Task goal » Output begins at the line with "Band-Aid brand bandages, by" and ends at the last line of the records below. Copy each line in that span exactly, and leave out pictures.
-- Dataset extract follows --
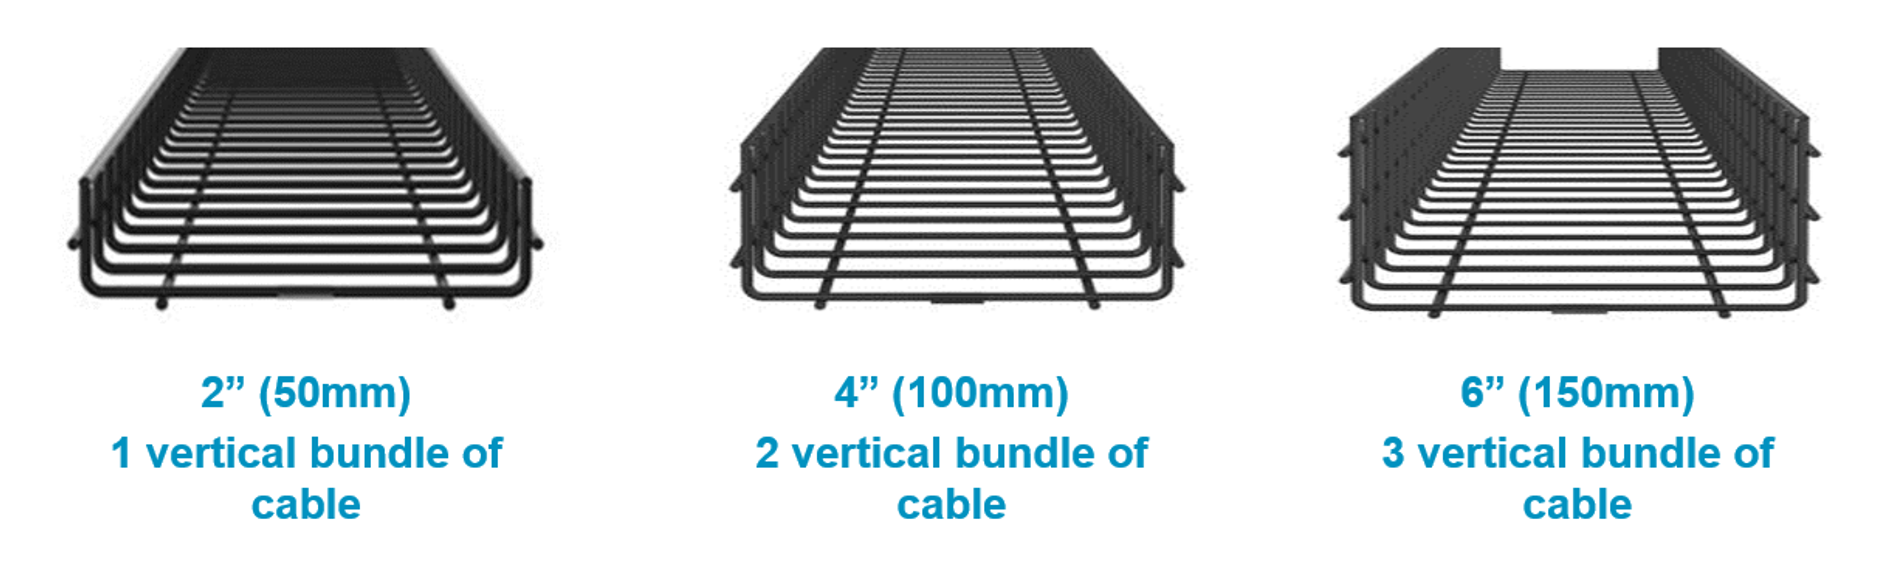 Wire Basket Height Sizing
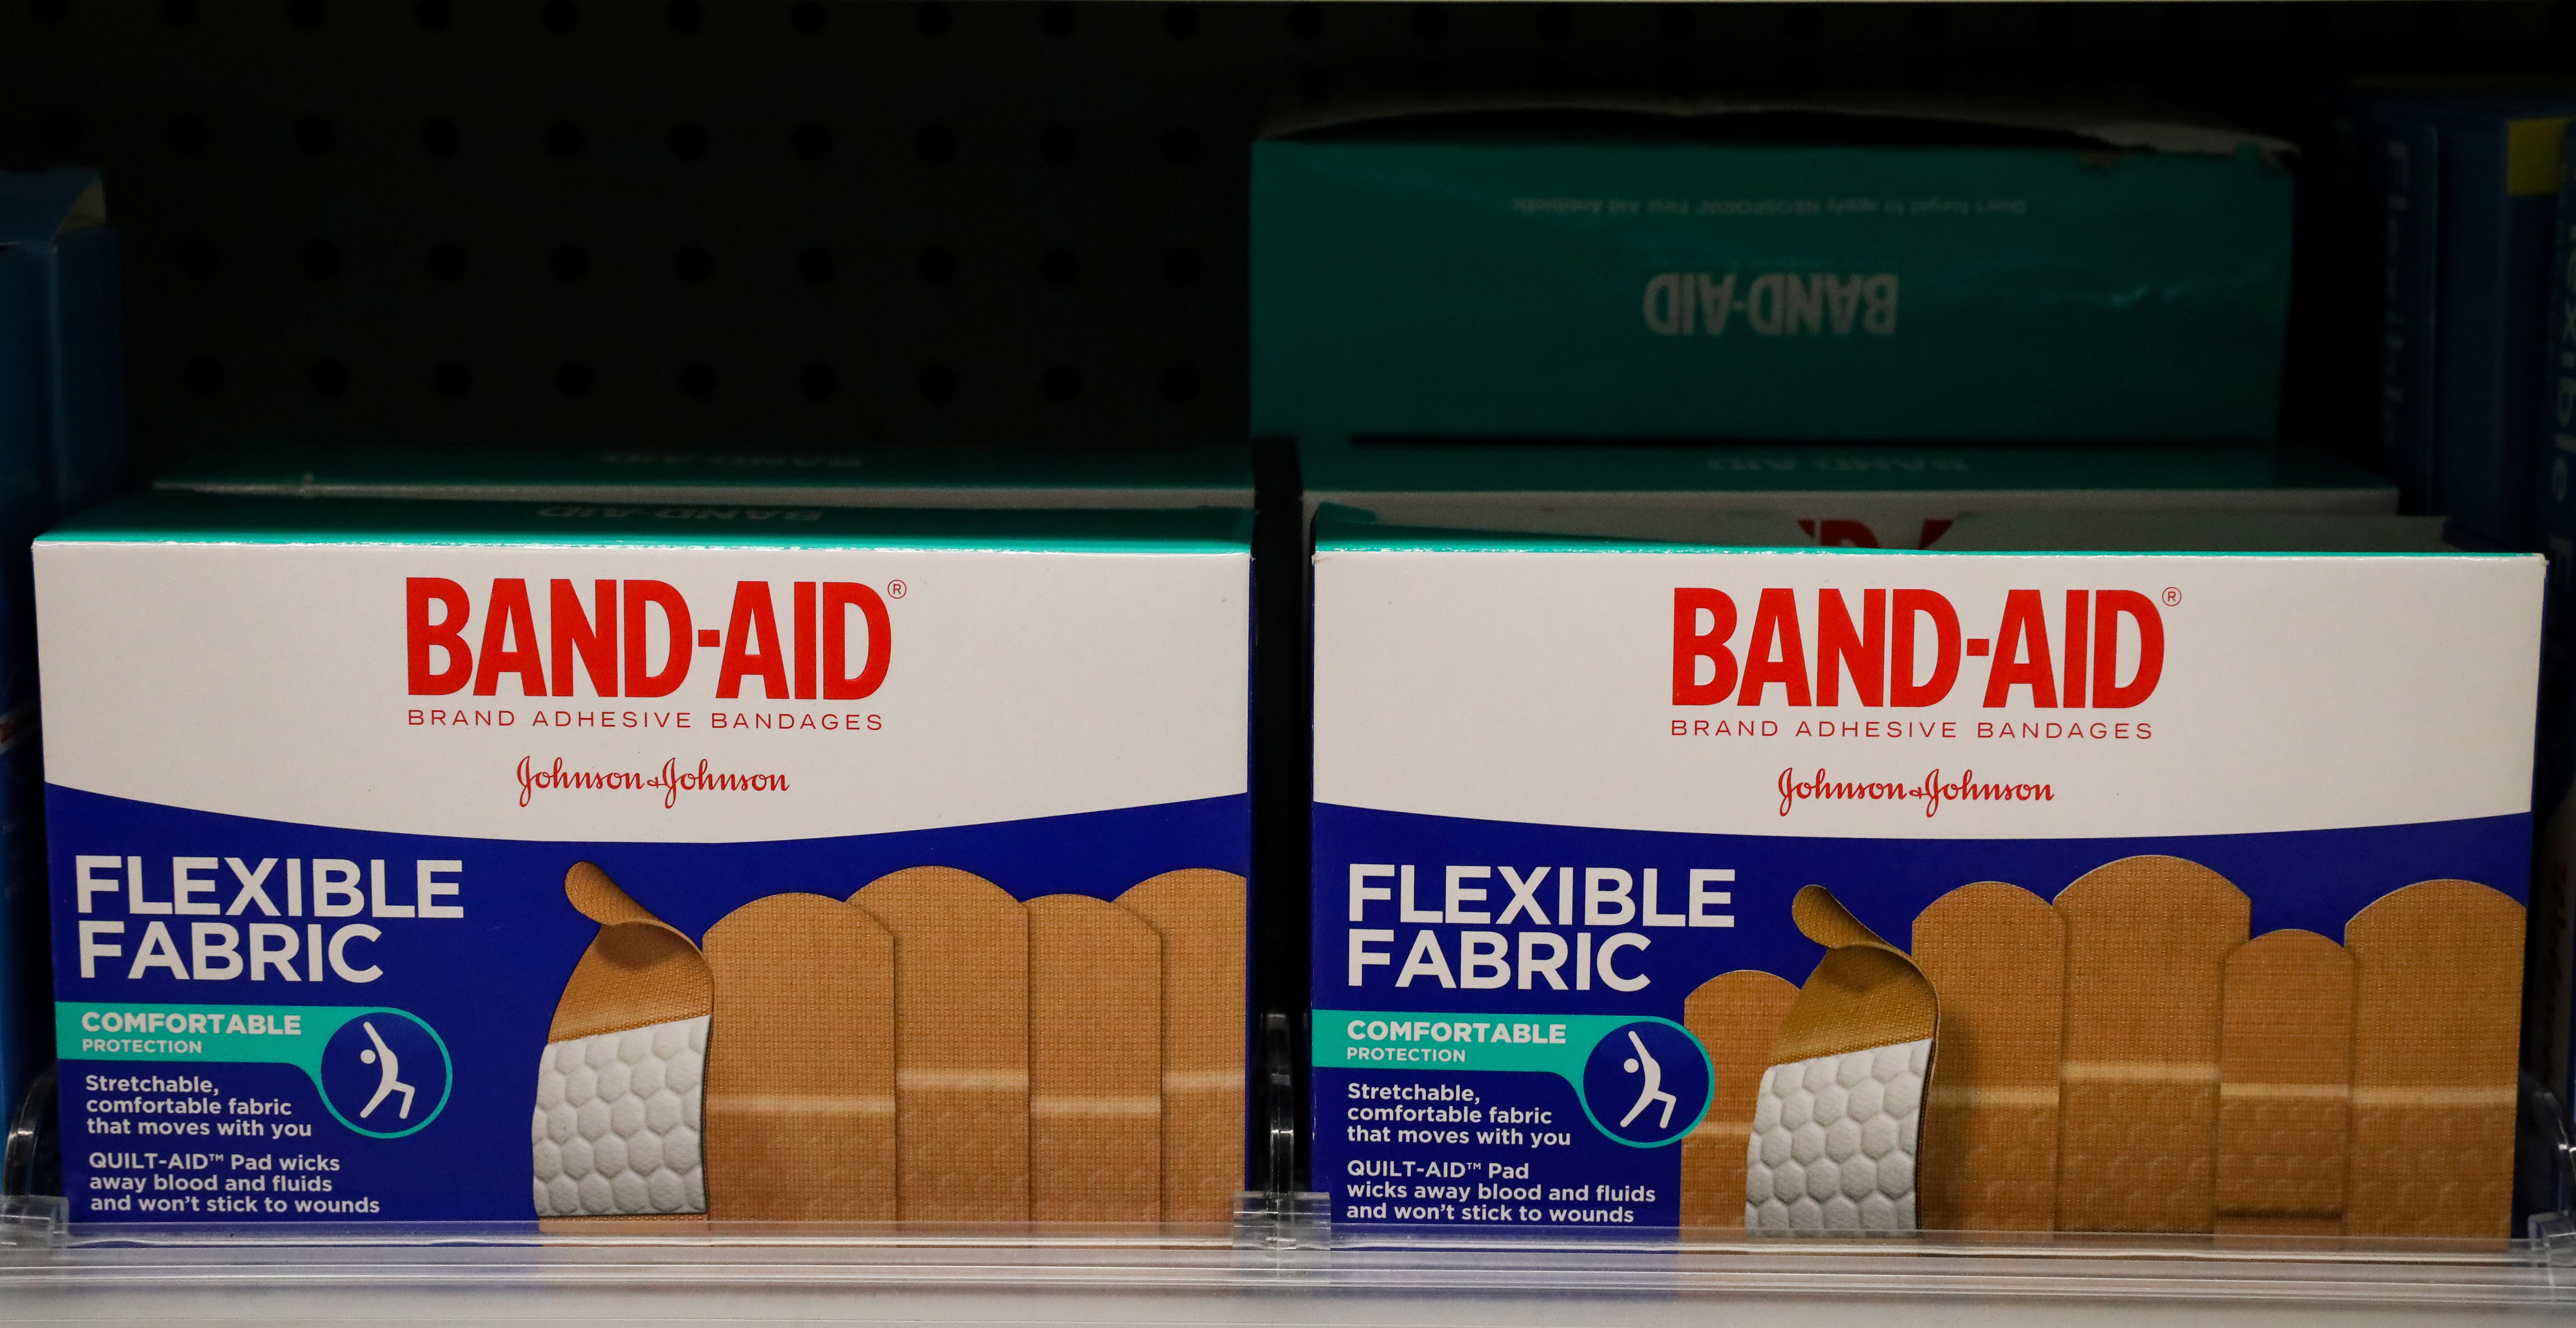 Band-Aid brand bandages, by Johnson & Johnson, are displayed in a store in New York
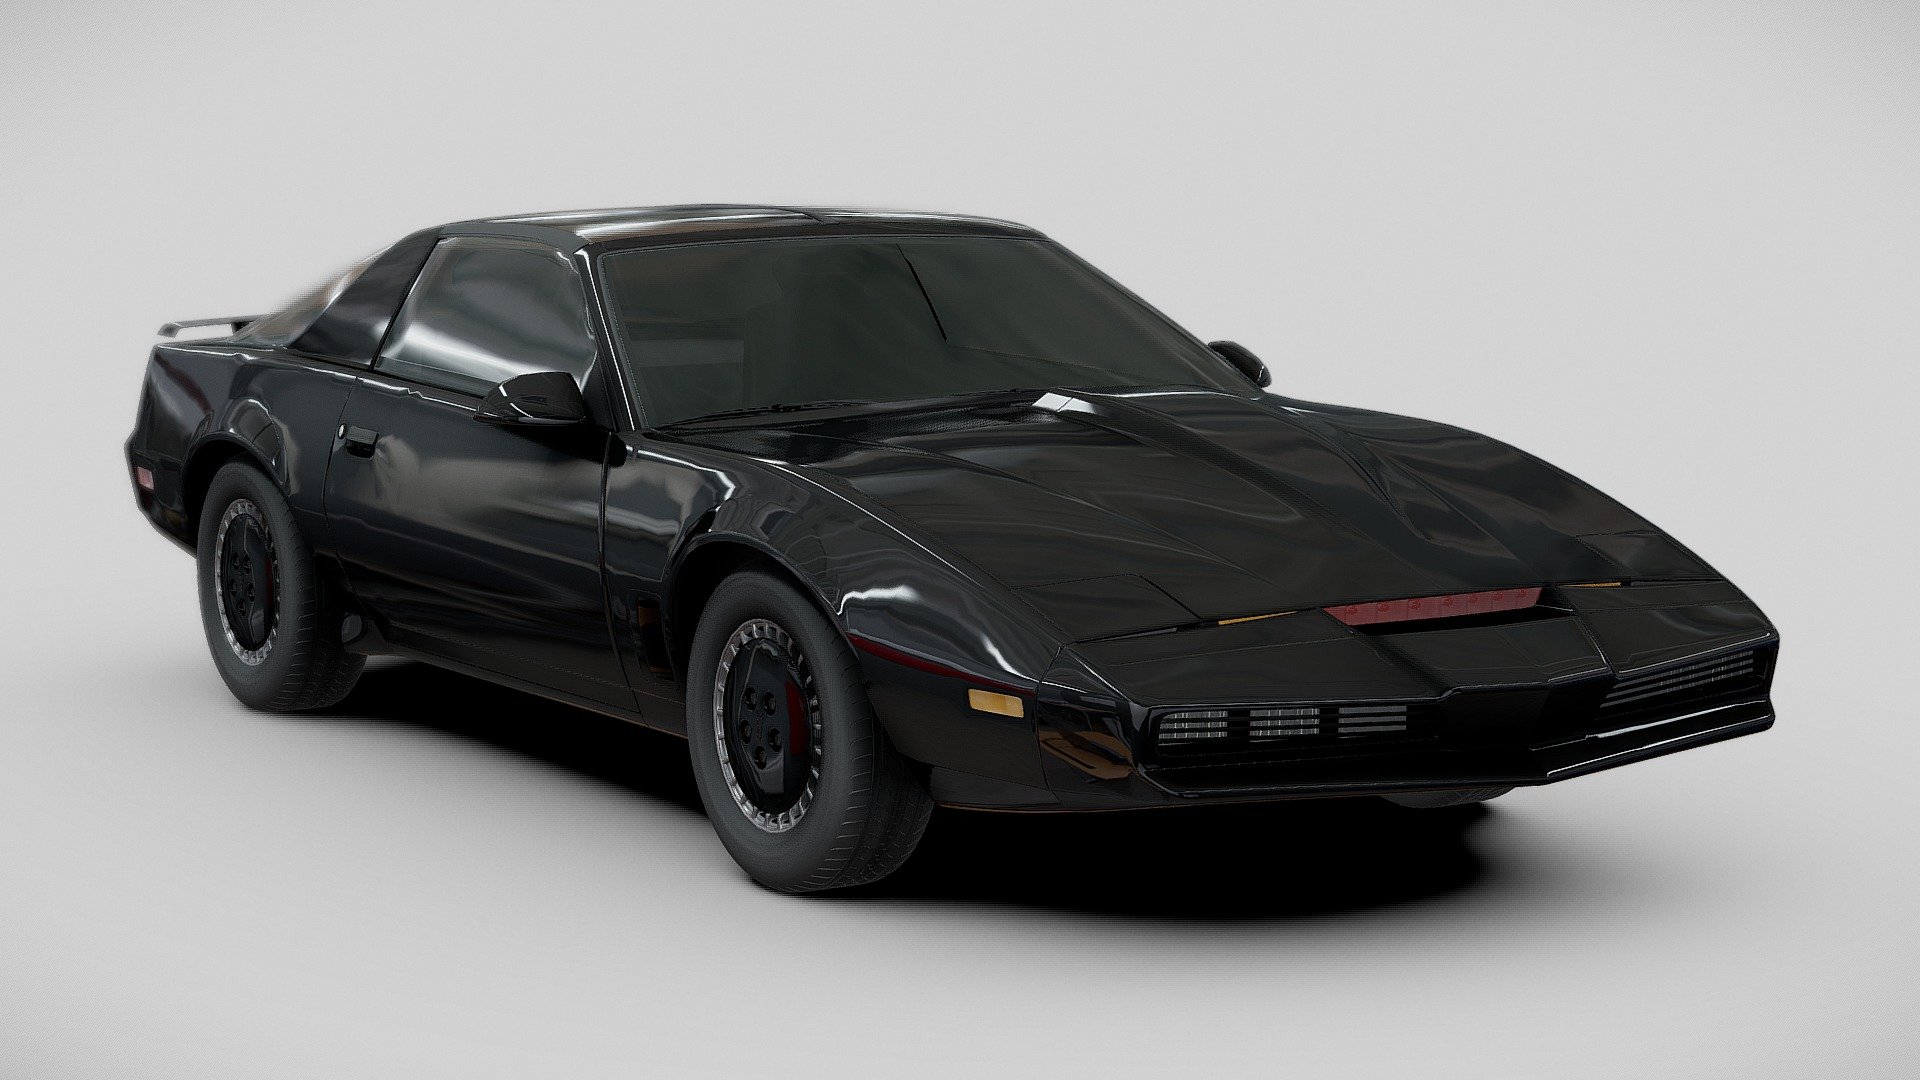 3d car model of Pontiac Firebird KITT 1982

.

/ high poly / fully editable / rigable /

by getting this model you have full control on meshes and materials

you can even subdivide all parts for having better looking details.

.

you can support me by folowing me on instagram

my ig: ZIRODESIGN - Pontiac Firebird KITT 1982 - Buy Royalty Free 3D model by ZIRODESIGN 3d model
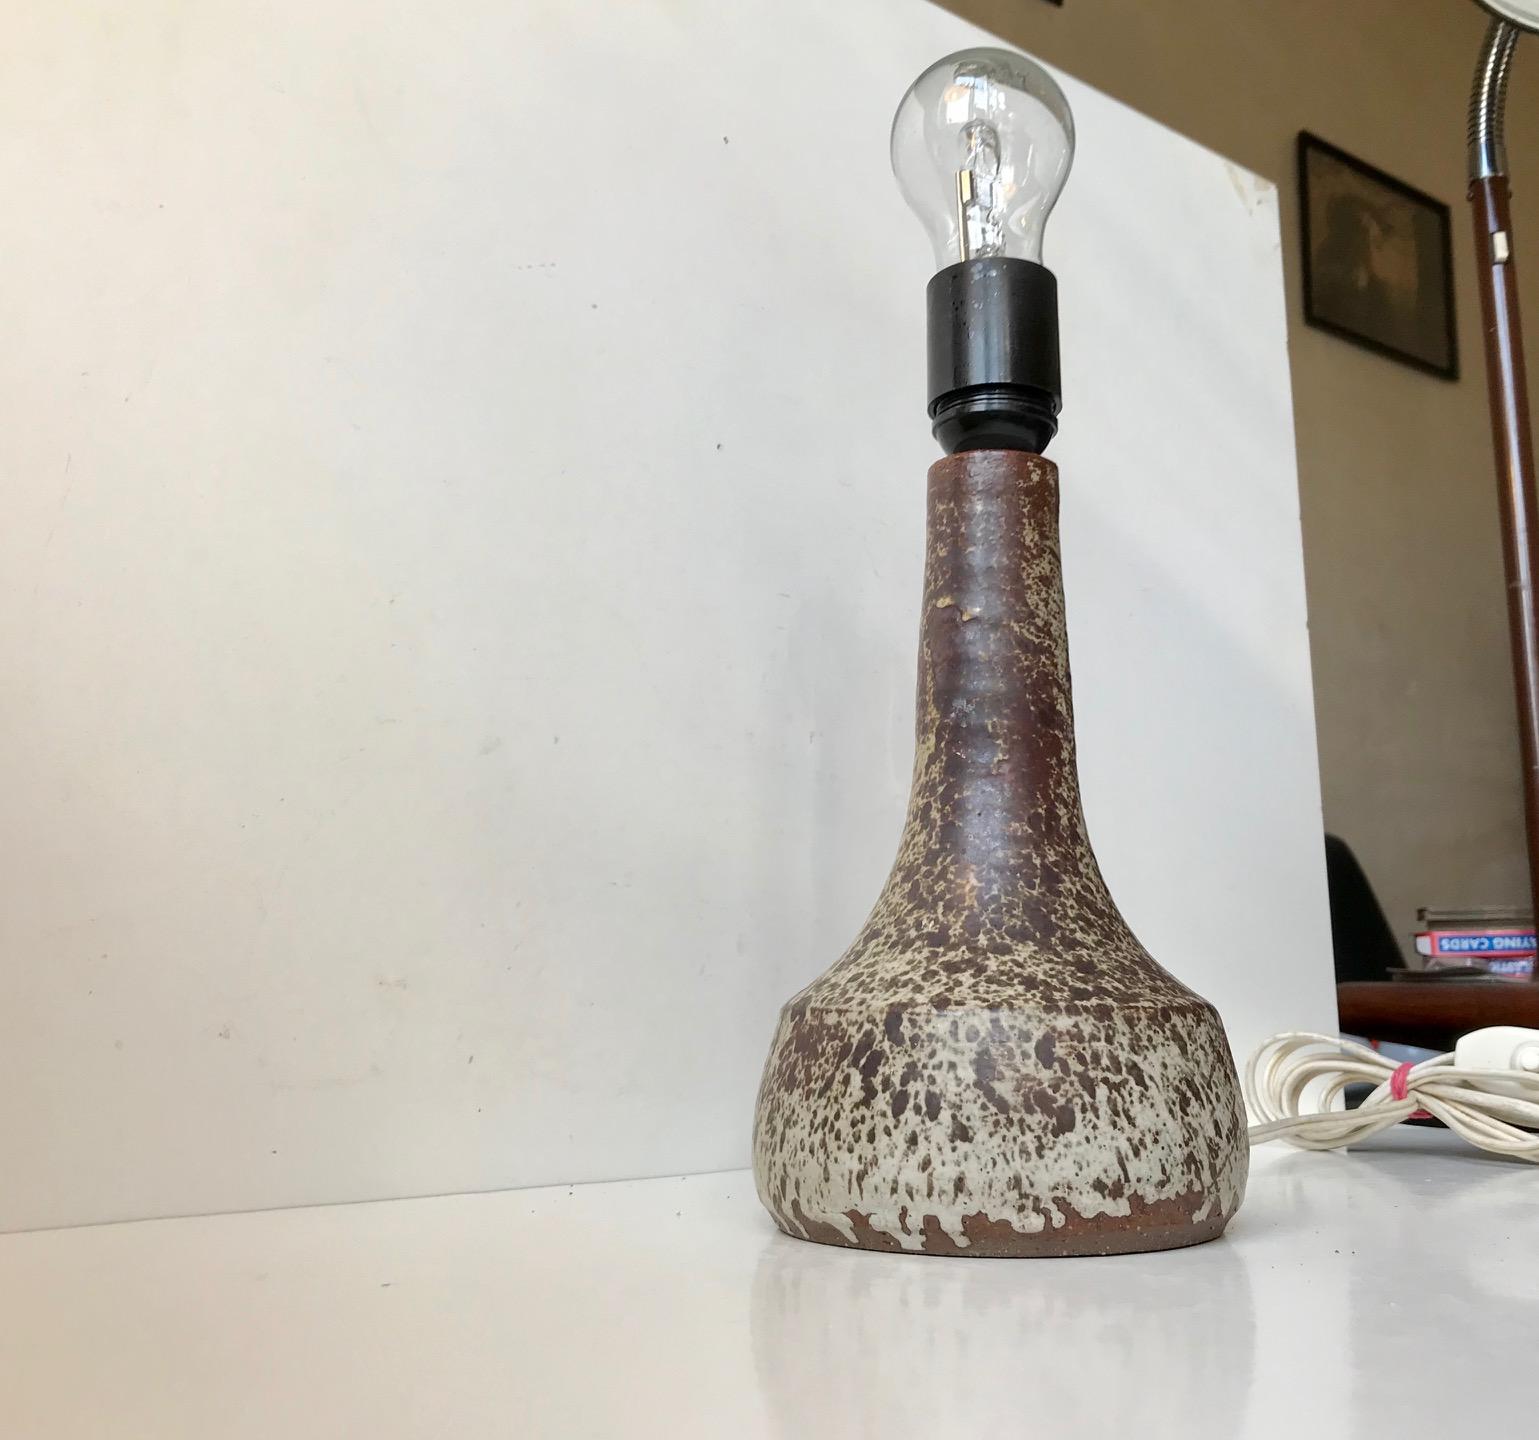 Unusually glazed ceramic table light decorated in earthy speckled glazes. It has no signature or markings but it was probably made by Knabstrup in Denmark during the 1960s who frequently used stickers during this period. The styling of this light is
-- Dataset extract concluded --
Answer box »
 Band-Aid brand bandages, by Johnson & Johnson, are displayed in a store in New York
 3d car model of Pontiac Firebird KITT 1982

.

/ high poly / fully editable / rigable /

by getting this model you have full control on meshes and materials

you can even subdivide all parts for having better looking details.

.

you can support me by folowing me on instagram

my ig: ZIRODESIGN - Pontiac Firebird KITT 1982 - Buy Royalty Free 3D model by ZIRODESIGN 3d model
 Unusually glazed ceramic table light decorated in earthy speckled glazes. It has no signature or markings but it was probably made by Knabstrup in Denmark during the 1960s who frequently used stickers during this period. The styling of this light is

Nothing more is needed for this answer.